**Exercise description:** Beginning with the line that contains "3 Cushion to 2 Cushion Sofa - After", reproduce the remaining lines of the material exactly, up to and including the last one, but no pictures.

**Given information:**

--

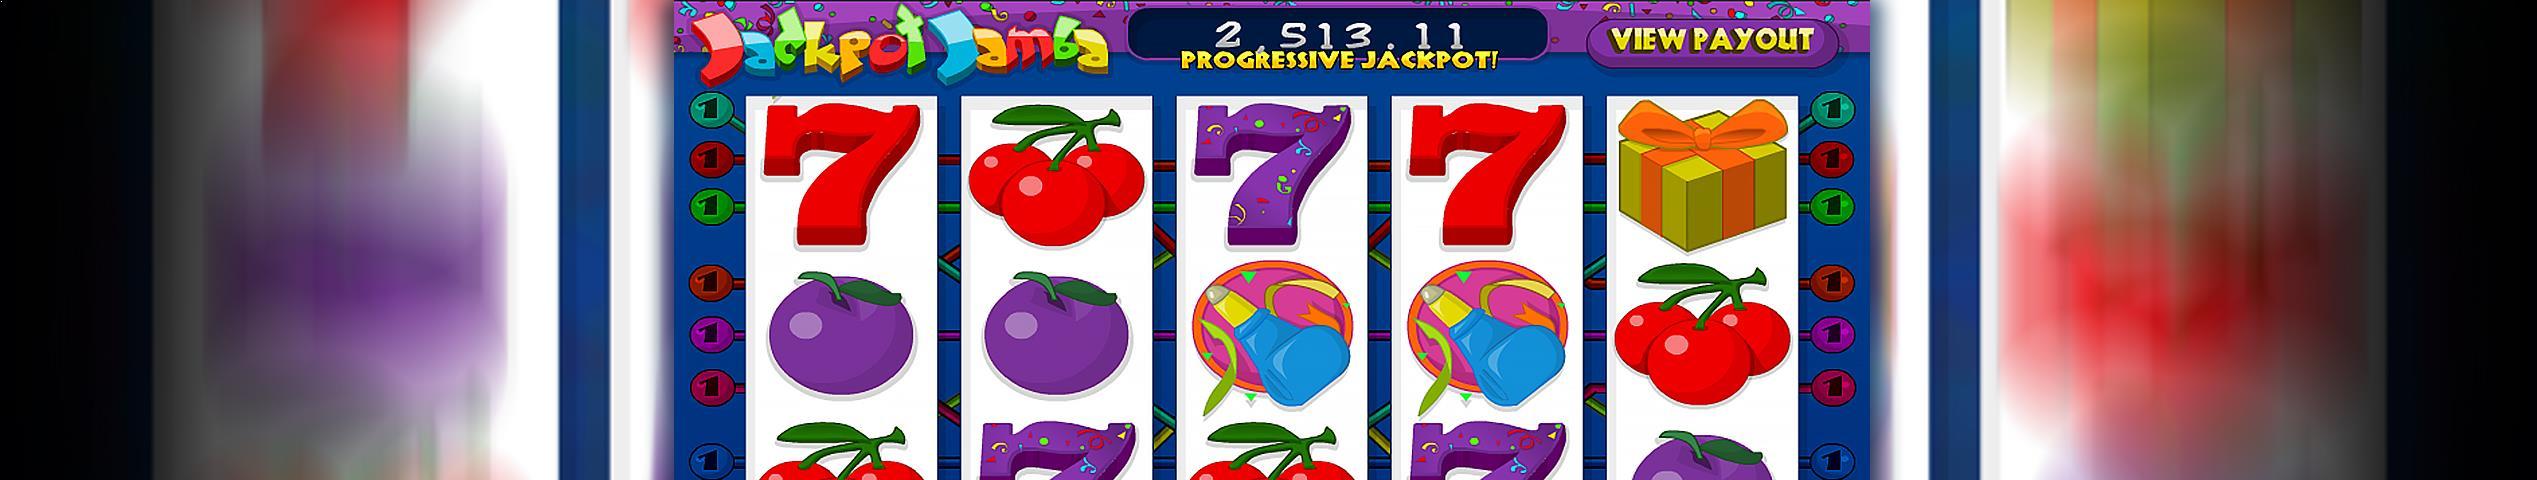 Jackpot Jamba betsoft jocuri slot slider
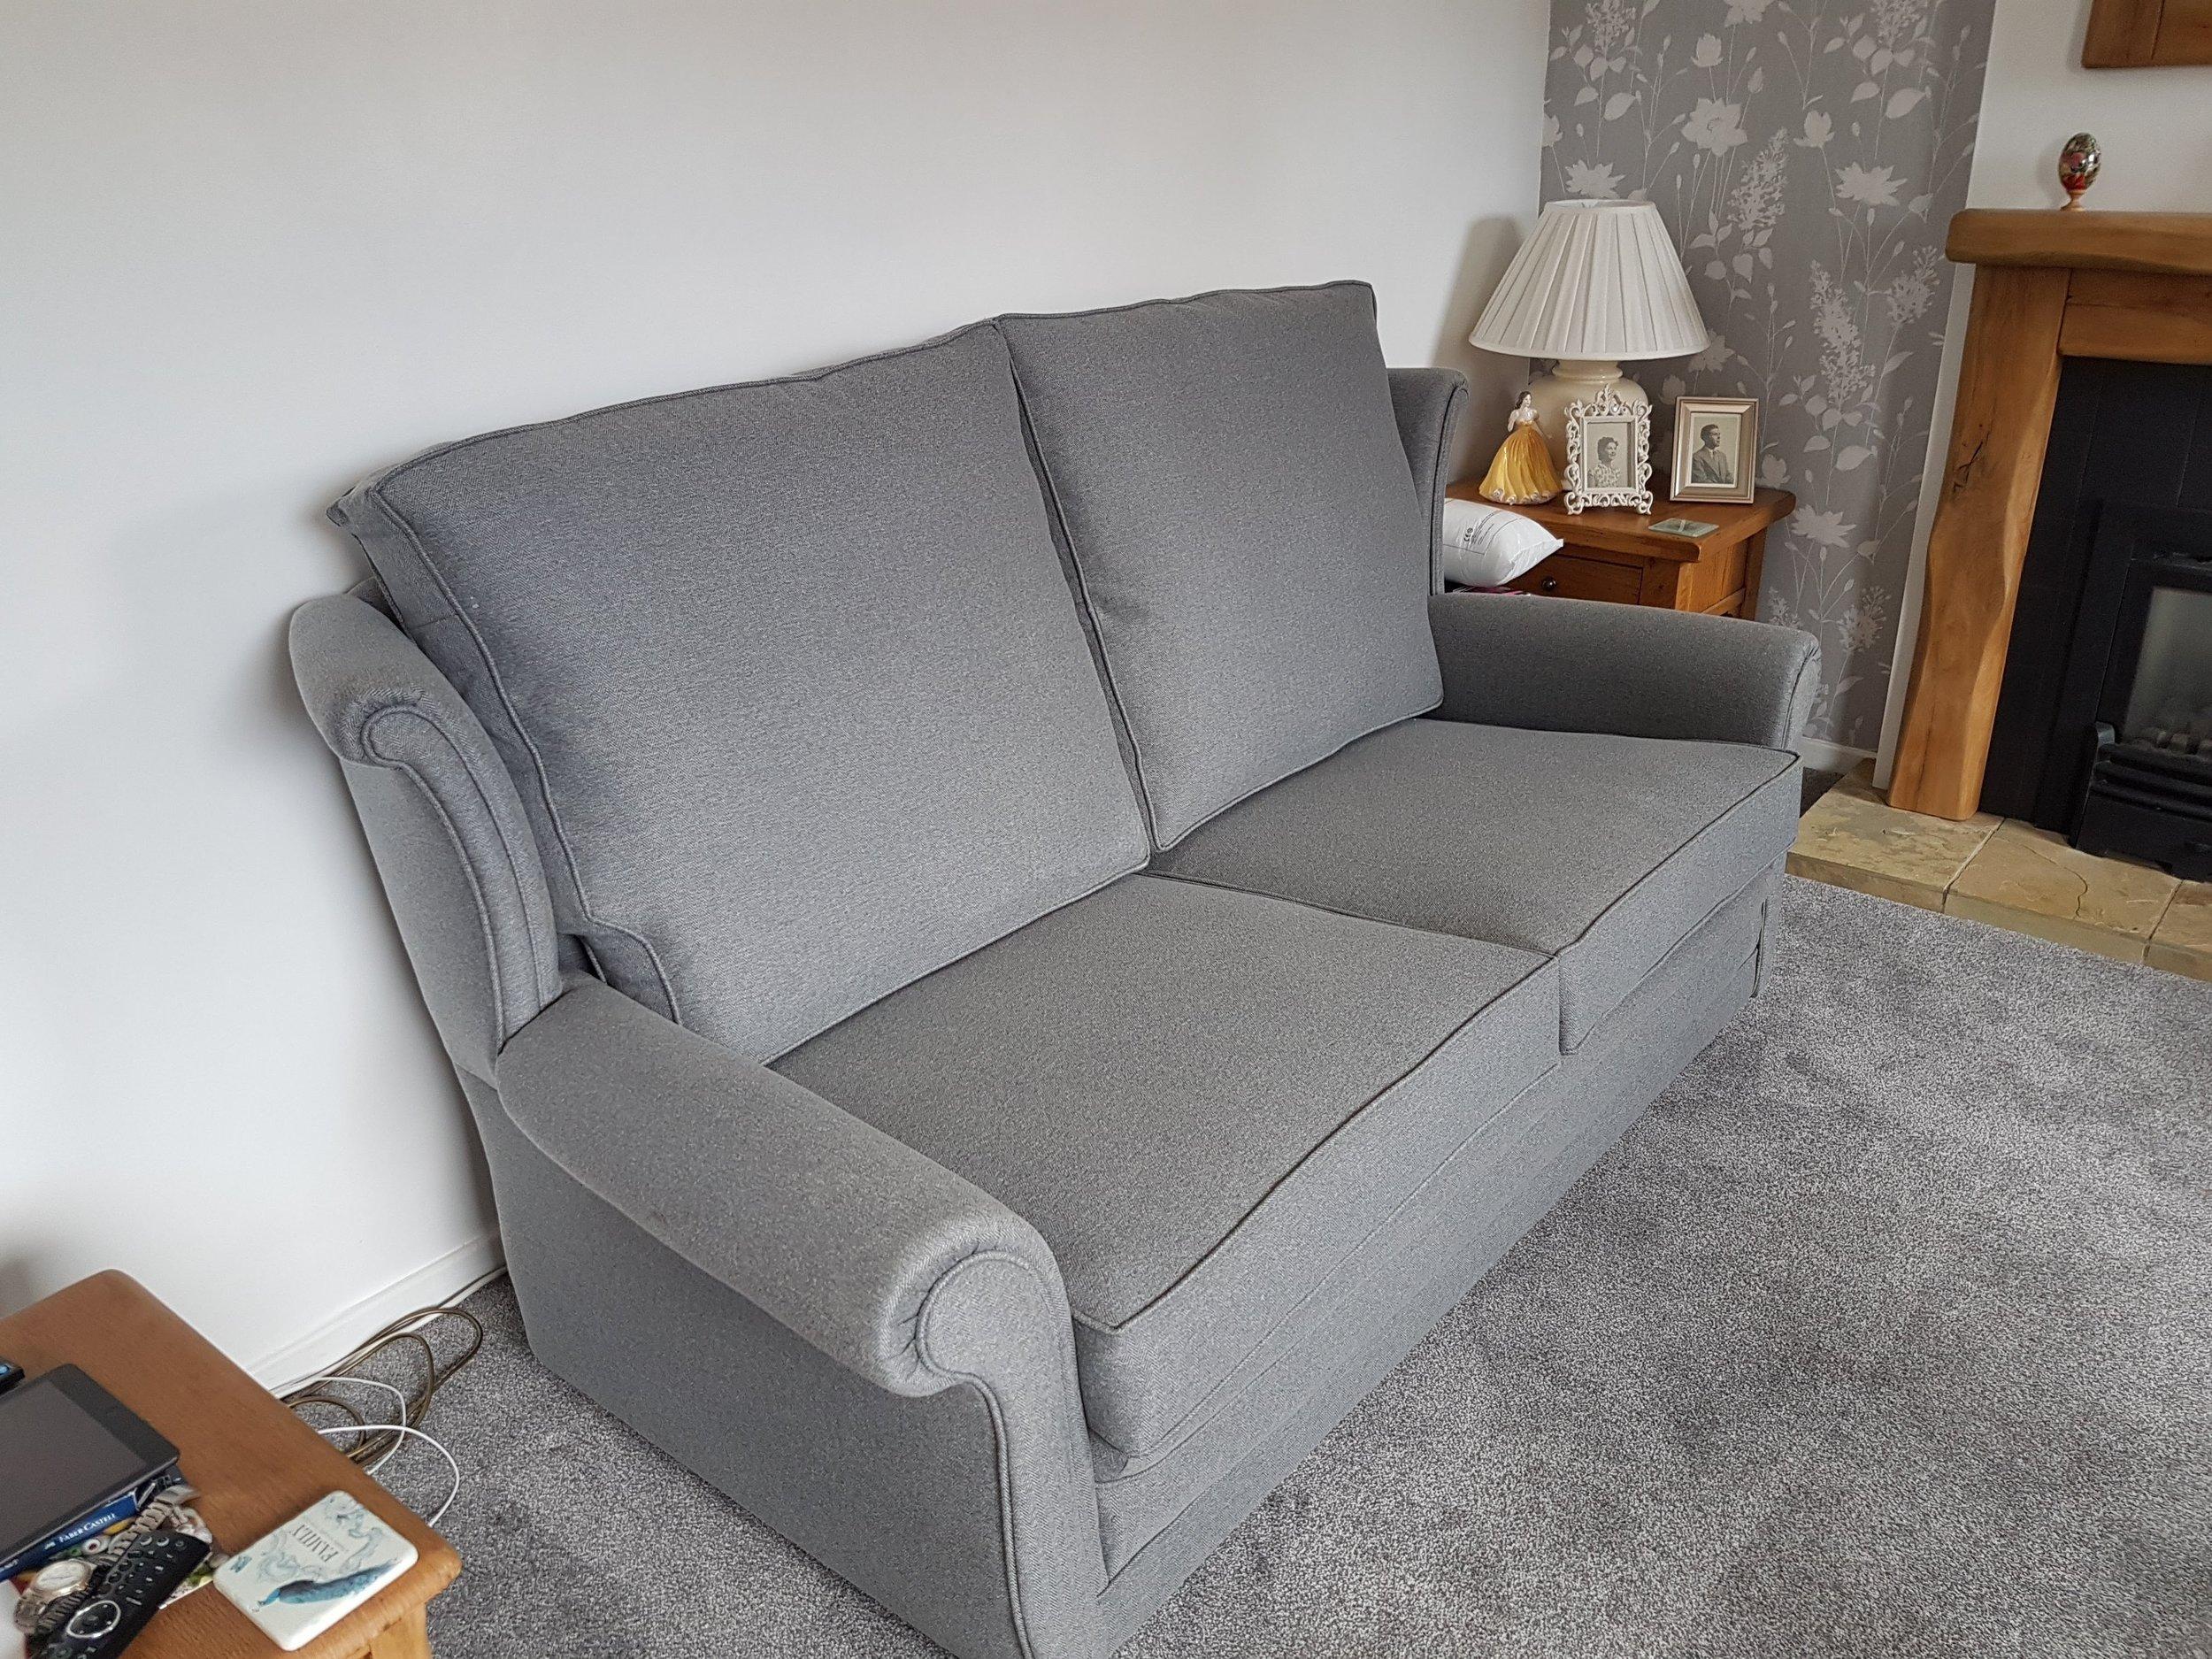 3 Cushion to 2 Cushion Sofa - After
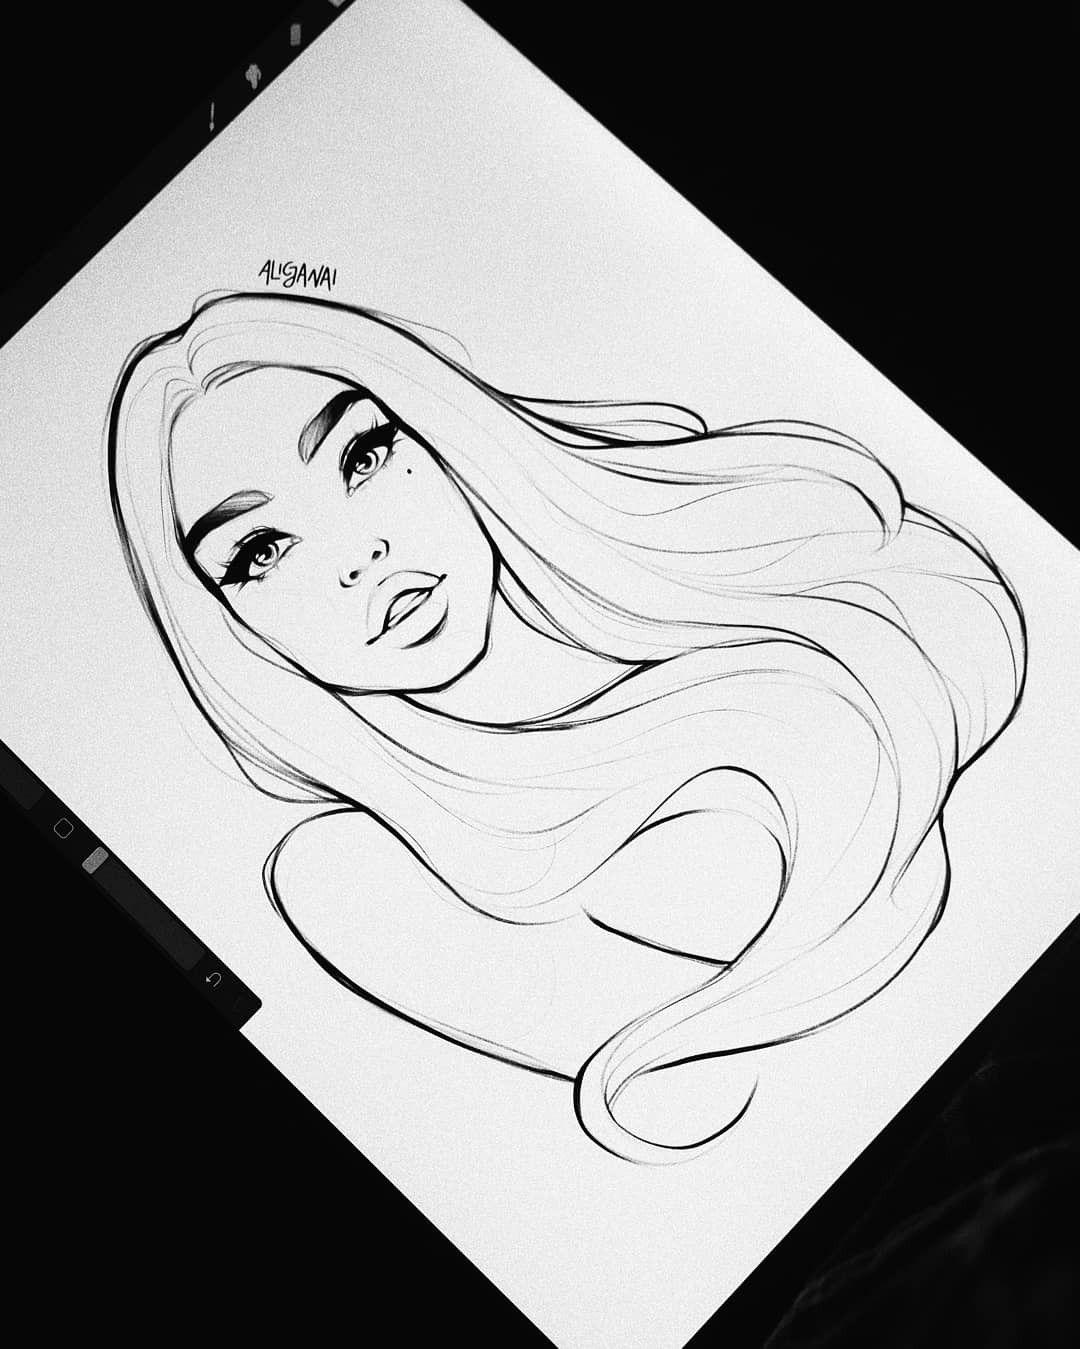 Digital Sketch of A Girl on iPad, Procreate  by AlicjaNai

--

**Response to the task:**
 3 Cushion to 2 Cushion Sofa - After
 Digital Sketch of A Girl on iPad, Procreate  by AlicjaNai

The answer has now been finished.